Ashya King’s fight for Proton Beam Therapy

A few weeks ago, an international manhunt propelled the story of Ashya King into the spotlight: a boy whose parents removed him from hospital and escaped to Spain where they were seeking an alternative cancer treatment, without the consent of their doctor.  The word alternative here does not refer to feeble homeopathic treatments that bare no scientific vindication, but to the treatment known as Proton Beam Therapy (PBT).


  Ashya’s parents took their son to Spain when they decided they were  unhappy with the range of treatment offered in the UK. Public uproar ensued as police in Madrid held the parents for 72 hours while their son continued to receive treatment in Malaga. The media uproar surrounding the case of Ashya soon subsided as political pressure mounted, resulting in their release.

Senior politicians such as Nick Clegg attempted to convey a human face on the case: “my heart goes out to Ashya’s parents” he said. David Cameron called on ‘common sense’ to prevail and Theresa May urged the Crown Prosecution Service to review the case.  While seeming generous and heartfelt, it is a shame to see how the political class attempt to crash tragic and personal affairs of families in order to gain political advantage.

Jeremy Hunt, the Secretary of State for Health, personally committed himself to send a senior Oncologist to Ashya King; a move which could easily be interpreted as an effort to demonstrate a caring and generous Coalition-run NHS.  Initially the NHS refused to fund Ashya’s treatment, but the NHS made a U-turn recently and offered to fund his care in Prague under EU healthcare arrangements.

Proton Beam Therapy


This image shows a CT scan of a proton beams focusing on a tumour.  You can clearly see the beam as it zones in on the tumour. 

It’s important to understand why Ashya’s parents went through such anguish and heartache in order for their son to receive PBT.  Proton Beam Therapy may sound like something plucked straight out of a Sci-Fi movie, but it is in fact a well-established radiotherapy technique used in the battle against cancer, although still not generally offered on the NHS.

Normal cancer treatment radiotherapy uses high-energy beams of radiation to destroy cancerous cells, but surrounding tissue can also be damaged as it targets entire areas of the body including healthy cells. This can lead to side effects such as nausea, and can sometimes disrupt how organs function. This lack of control with traditional radiotherapy results in physicians having to use a reduced and therefore less effective dosage in order minimise damage to surrounding areas of the cancerous area.

Proton Beam Therapy differs to conventional cancer treatments in that it offers a more targeted attack on cancerous cells. It uses beams of protons (sub-atomic particles) to achieve the same cell-killing effect. A “particle accelerator” is used to speed up the protons, which are accelerated then beamed into cancerous cells, effectively killing them.

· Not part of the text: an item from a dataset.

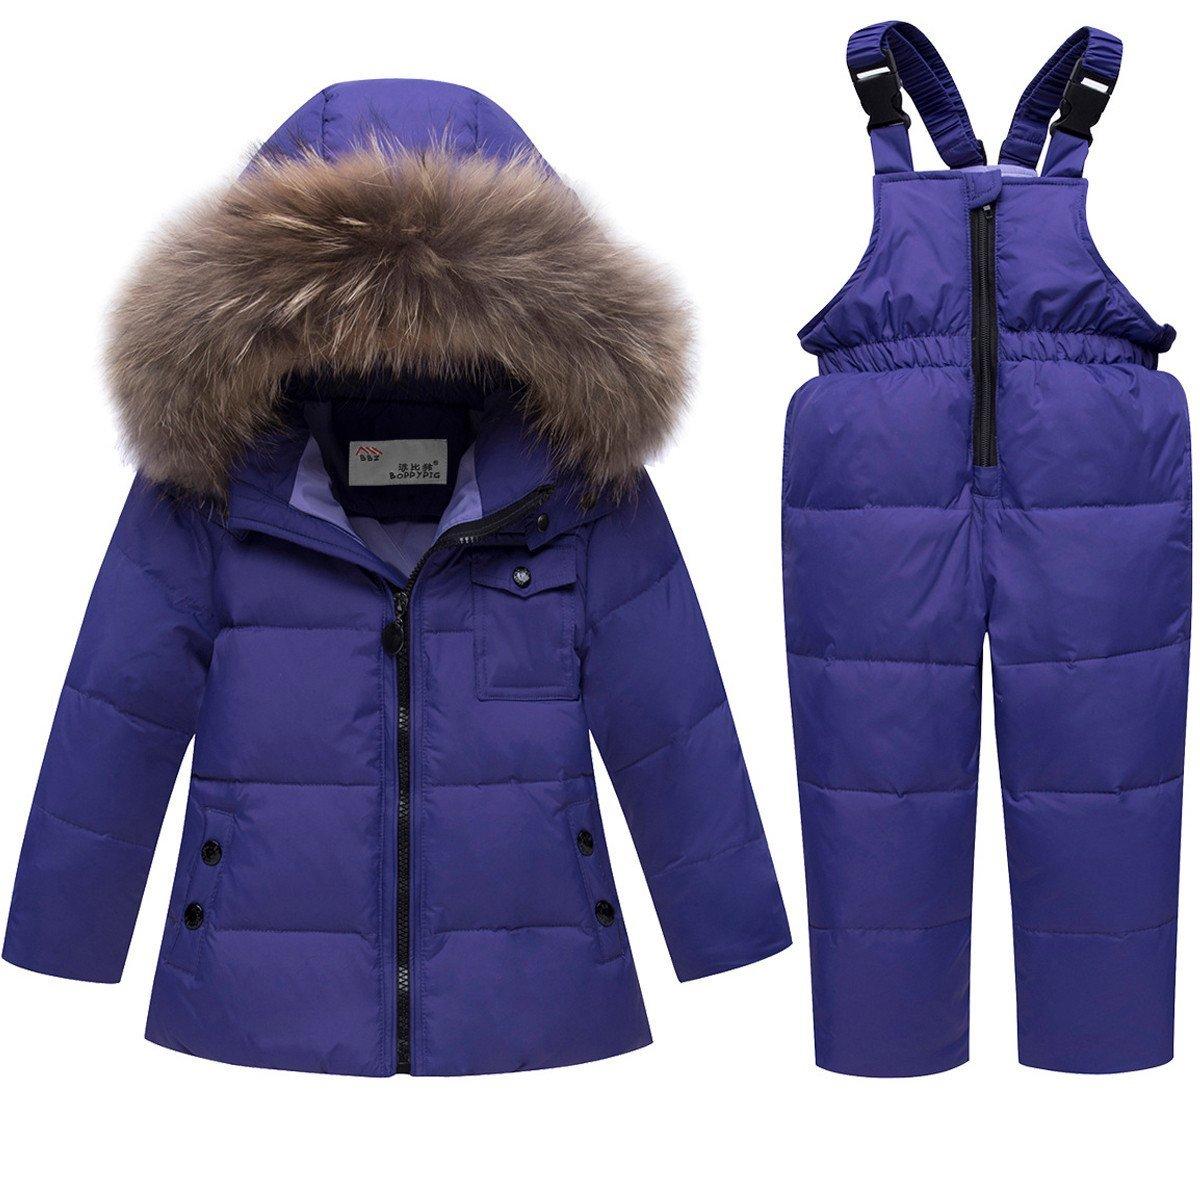 JELEUON Baby Girls and Boys Winter Warm Hooded Fur Trim Zipper Snowsuit Puffer Down Jacket with Snow Ski Bib Pants 4-5 Years by JELEUON

Protons are positively charged and therefore attract the negative electrons that orbit the nucleus of atoms.  When entering the body protons ionise atoms causing damage to vital DNA in cell nuclei. Specific cell functions are destroyed within the DNA, including the vital reproductive ability to divide and multiply. Unlike conventional radiotherapy, in proton beam therapy the beam of protons stops once it “hits” the cancerous cells. This means that proton beam therapy results in much less damage to surrounding tissue

Ashya King’s case is just one of many that could benefit from this alternative cancer treatment.  It is also important to remember that well established radiotherapy techniques are also effective and should not be shunned.   The treatment always depends on the type of cancer the patient suffers from.

A recent study of eleven developed nations showed the NHS to be the most efficient and least expensive healthcare system, with the USA languishing at the bottom of the pile.  While it remains true that doctors should have the final verdict on which treatment is best for their patients, let’s hope that the precedent this case sets allows for a more flexible NHS in future. To have the NHS in direct communication with foreign medical services on a regular basis would allow freedom to travel to receive the treatment that is best for the patient.  After all, a person’s anatomy is the same no matter where they’re from.